KEYTRUDA®(Pembrolizumab) Injection Introduction
KEYTRUDA is an anti-PD-1 therapeutic agent that functions by enhancing the human immune system’s ability to detect and combat tumor cells. KEYTRUDA is a humanized monoclonal antibody that blocks the interaction between PD-1 and its ligands, PD-L1 and PD-L2, thereby activating T lymphocytes that may affect both tumor cells and healthy cells.
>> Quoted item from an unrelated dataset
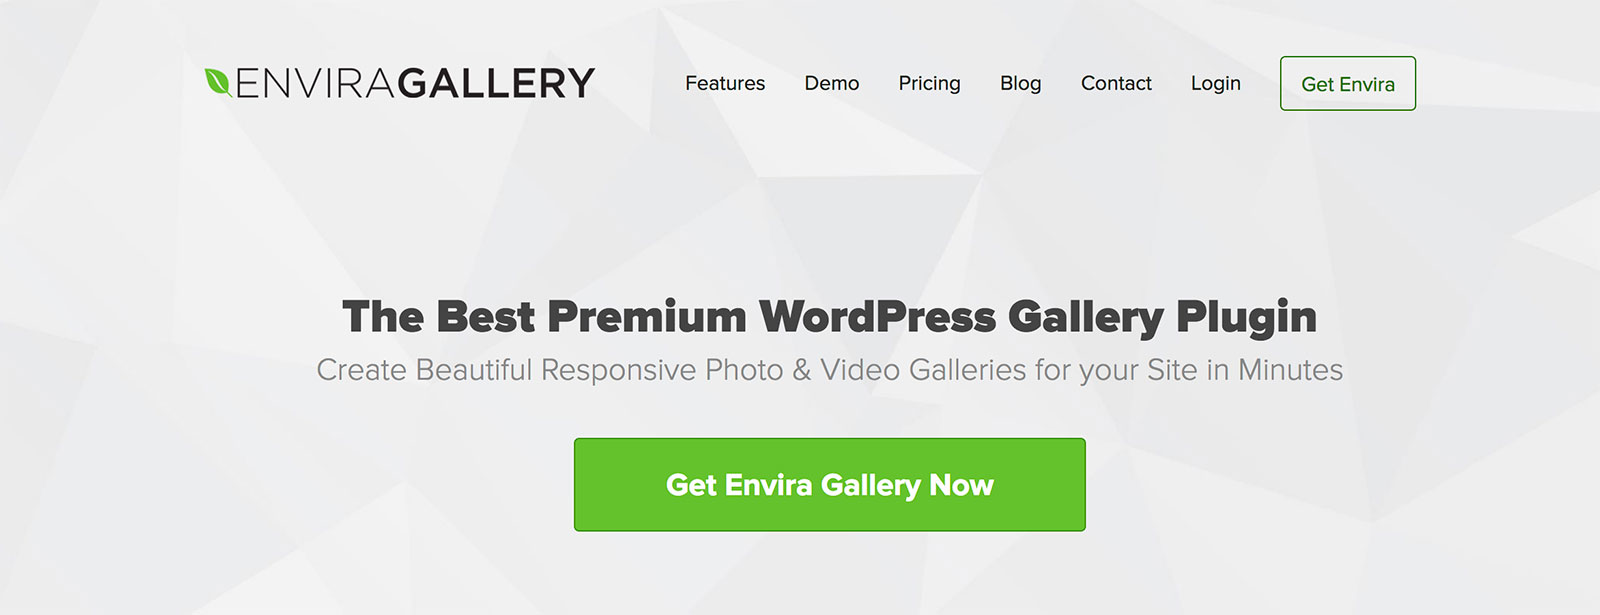 Envira Gallery Plugin Review

MSD is currently conducting the largest immuno-oncology clinical research program in the industry. There are currently more than 1,200 trials investigating KEYTRUDA across multiple cancer types and treatment settings. The KEYTRUDA clinical program aims to understand the role of KEYTRUDA in cancer and identify factors that may predict the likelihood of patient benefit from KEYTRUDA therapy, including the exploration of several different biomarkers.